Public school teachers in the Sea to Sky Corridor are asking local school trustees to repudiate their own provincial bargaining group's initiative that would see the Province claw back 15 per cent of teachers' pay as a response to the current B.C.-wide teachers' job action.
In a letter to the Sea to Sky School District board of trustees, Beth Miller, Sea to Sky Teachers' Association (SSTA) president, on Wednesday (Nov. 2) also threatened not to support current trustees in their bids for re-election on Nov. 19 unless something is done to address a district-wide shortage of teacher assistants helping students with special needs.

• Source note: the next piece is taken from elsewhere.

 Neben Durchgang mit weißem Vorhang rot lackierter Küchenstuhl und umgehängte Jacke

Late last month, the B.C. Public School Employers' Association (BCPSEA) applied to the B.C. Labour Relations Board (LRB) for the right to charge the B.C. Teachers' Association up to 15 per cent of teachers' pay while the teachers' job action launched in September continues.
The SSTA letter asks local school trustees to "publicly speak out against BCPSEA's LRB application and acknowledge that while teachers may not be attending administrative meetings or writing formal report cards, they are certainly not working any less than they were before."

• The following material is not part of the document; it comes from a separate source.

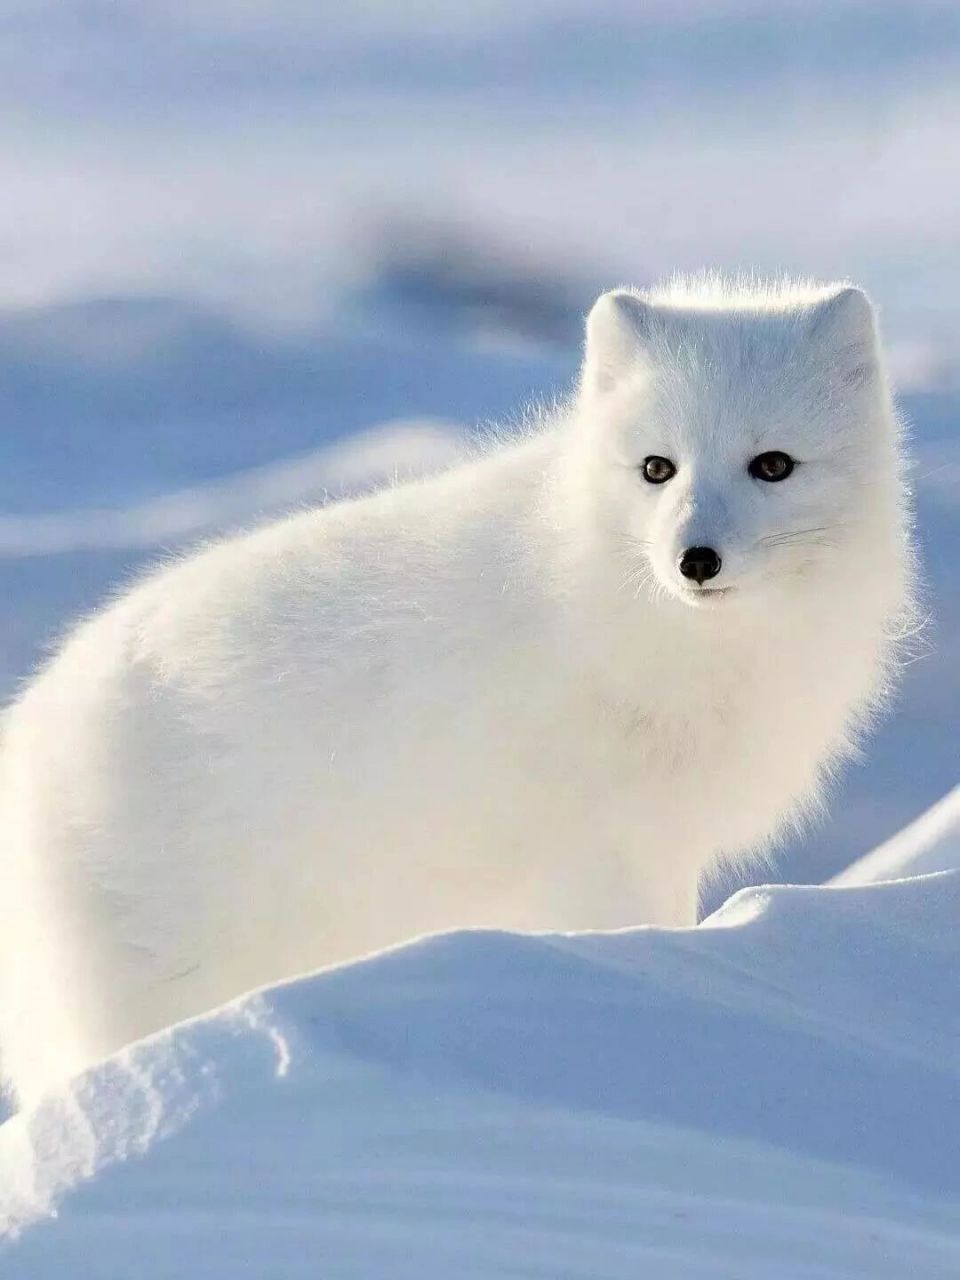 雪狐丨犬科北极狐属动物02 989898 列入《世界自然保护联盟

Rather than do less work during the job action, local teachers "have changed focus from administrivia to a focus on teaching and learning," Miller wrote, adding that teachers are now working in their 10th year under an "illegal" contract that does not include class-size and composition provisions.
SSTA also expressed concerns about the number of students with special needs who are not receiving the attention required by provincial legislation. According to the letter, district-wide, 17 classes at the elementary level and 144 classes at the secondary level each have three or more special-needs students requiring the hiring of new teacher assistants to meet their needs.
While school district officials provided assurances at the board's Oct. 12 meeting that action to address the shortage was forthcoming, "few of those additional measures have been implemented," Miller's letter states.
"Stawamus Elementary is even now being asked to reconfigure most of its classes (a significant disruption so late in the school year) and Signal Hill Elementary [in Pemberton], the school identified in your October meeting as having the most challenging situation, still faces exceptionally high needs in most of their intermediate classes with no long-term resolution as of yet," Miller wrote. "This is unacceptable for students, parents and teachers alike."
The SSTA letter asks that the board "immediately" put in place the additional resources, "even if it comes at the expense of other operational considerations.
"If we don't hear from you directly, we will assume that BCSPEA has spoken for you, and will cast our votes on Nov. 19 accordingly," the letter concludes.
The board next meets on Wednesday (Nov. 9) at the District 48 office in Squamish. One of the items on the agenda is what's called a "general statement" by School Board Chair Rick Price about the teachers' job action. The Chief's attempts to reach Price for comment have so far been unsuccessful.